С обратной же стороны павильона, располагался трактир «Где же кружка?», на его вывеске был изображён гостеприимный подоконник, на котором стояла наполненная до краёв деревянная кружка, освещаемая светом восковой свечи в подсвечнике.

Именно сюда и отошёл подальше от толпы Владислав Федорец. Расхаживая из стороны в сторону, он разговаривал по телефону с Таней Тарасовой. Она ему сообщила плохие новости.

Оказалось, в этот вечер ужасное произошло не только с ними.

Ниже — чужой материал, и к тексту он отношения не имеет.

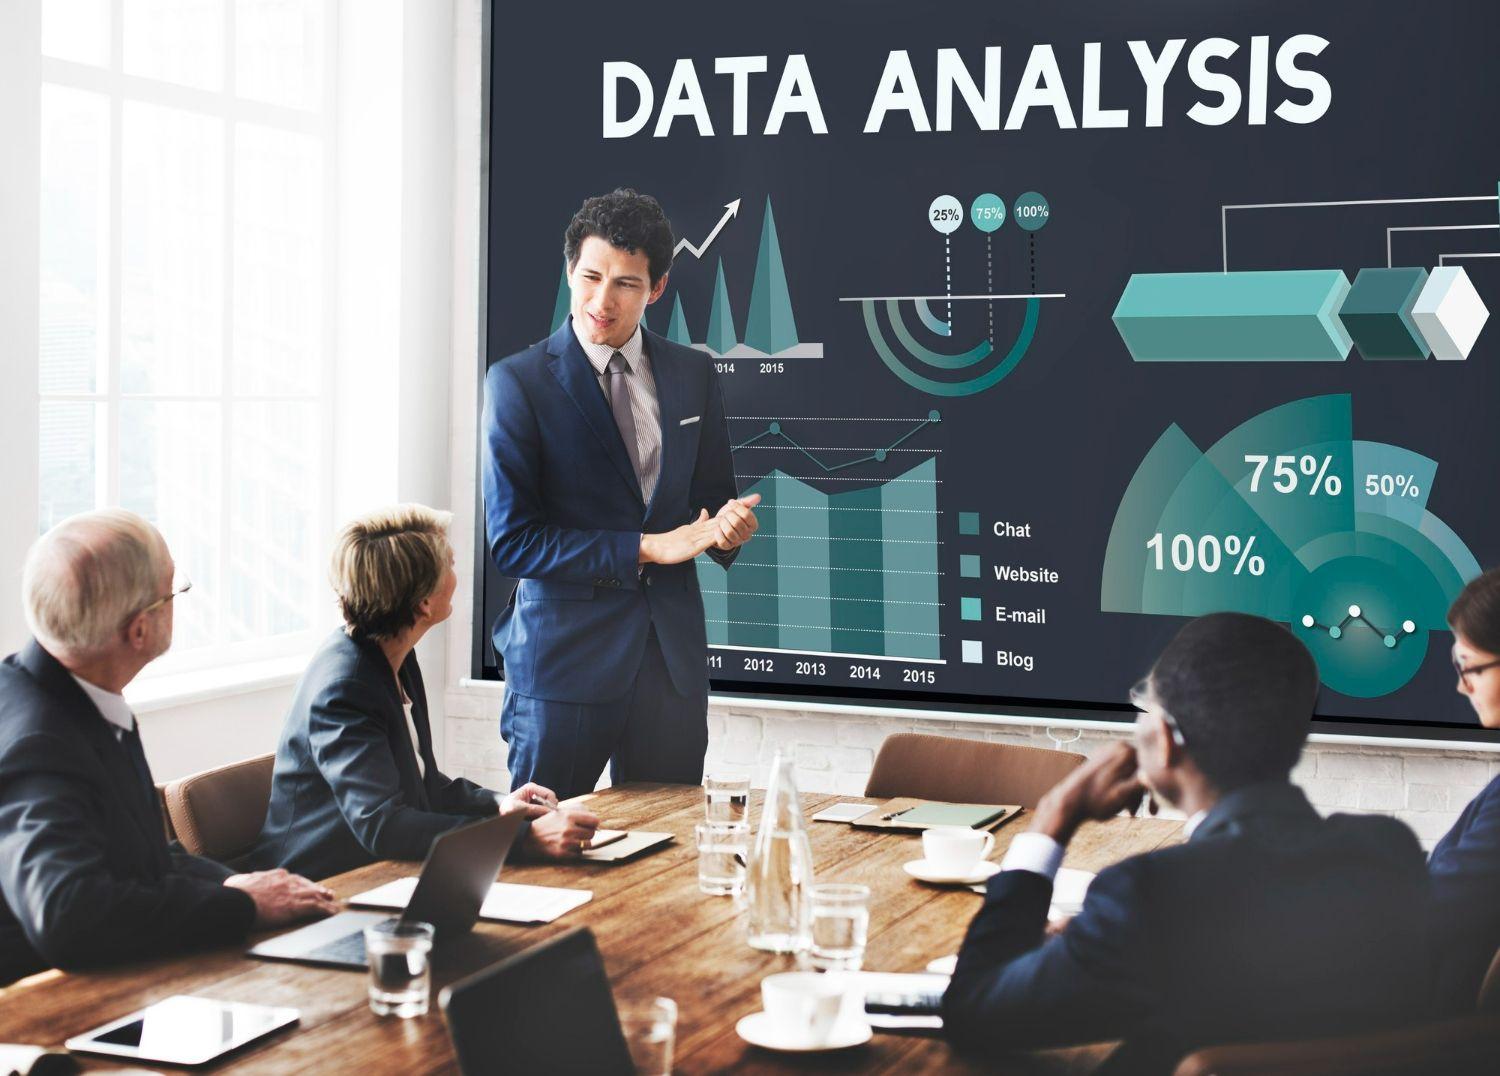 Data Analysis as a Service

– Вскоре после того, как вас увезли, было нападение на нашу серверную, – взволнованно рассказывала девушка. – Мы вначале подумали, что те гады охотятся за оператором, постарались аккуратно вывести его из АКУ. Но когда они вломились на подвальный этаж, в тот самый сектор, где находится серверная, стало понятно, что интересует большее, чем устранение человека с камерой. Магниева, конечно, вызвала полицию, но было уже поздно. Уроды в масках перерубили основной питающий кабель и добрались до того, что идёт от резервного генератора.

Слушая Тарасову, Влад становился всё мрачнее и мрачнее.

– Генератор тоже повреждён?

– Слава Богу, цел. Так же, как и сервера. Но вся аппаратура обесточена и записей на камерах нет. В том числе и тех, как вас таранят на мосту.

– Твою мать… – сцепив зубы, выругался белорус и со всей силы, на которую только был способен, с размаху влупил по стене из белой вагонки.

К его ужасу и удивлению, кусок стены трактира «Где же кружка» провалился внутрь. Как оказалось, снесло верхнюю поддерживающую конструкцию, и стена держалась на каких-то то ли деревянных, то ли гипсовых жёрдочках.

– Вот чёрт! Просто ****ец!!! – снова выругался белорус, на этот раз шокированный последствиями своего всплеска гнева. 

– Боже, Влад! Что у тебя произошло?! – раздался в трубке взволнованный голос его подруги, которая услышала грохот в динамике и шум рушащейся вагонки.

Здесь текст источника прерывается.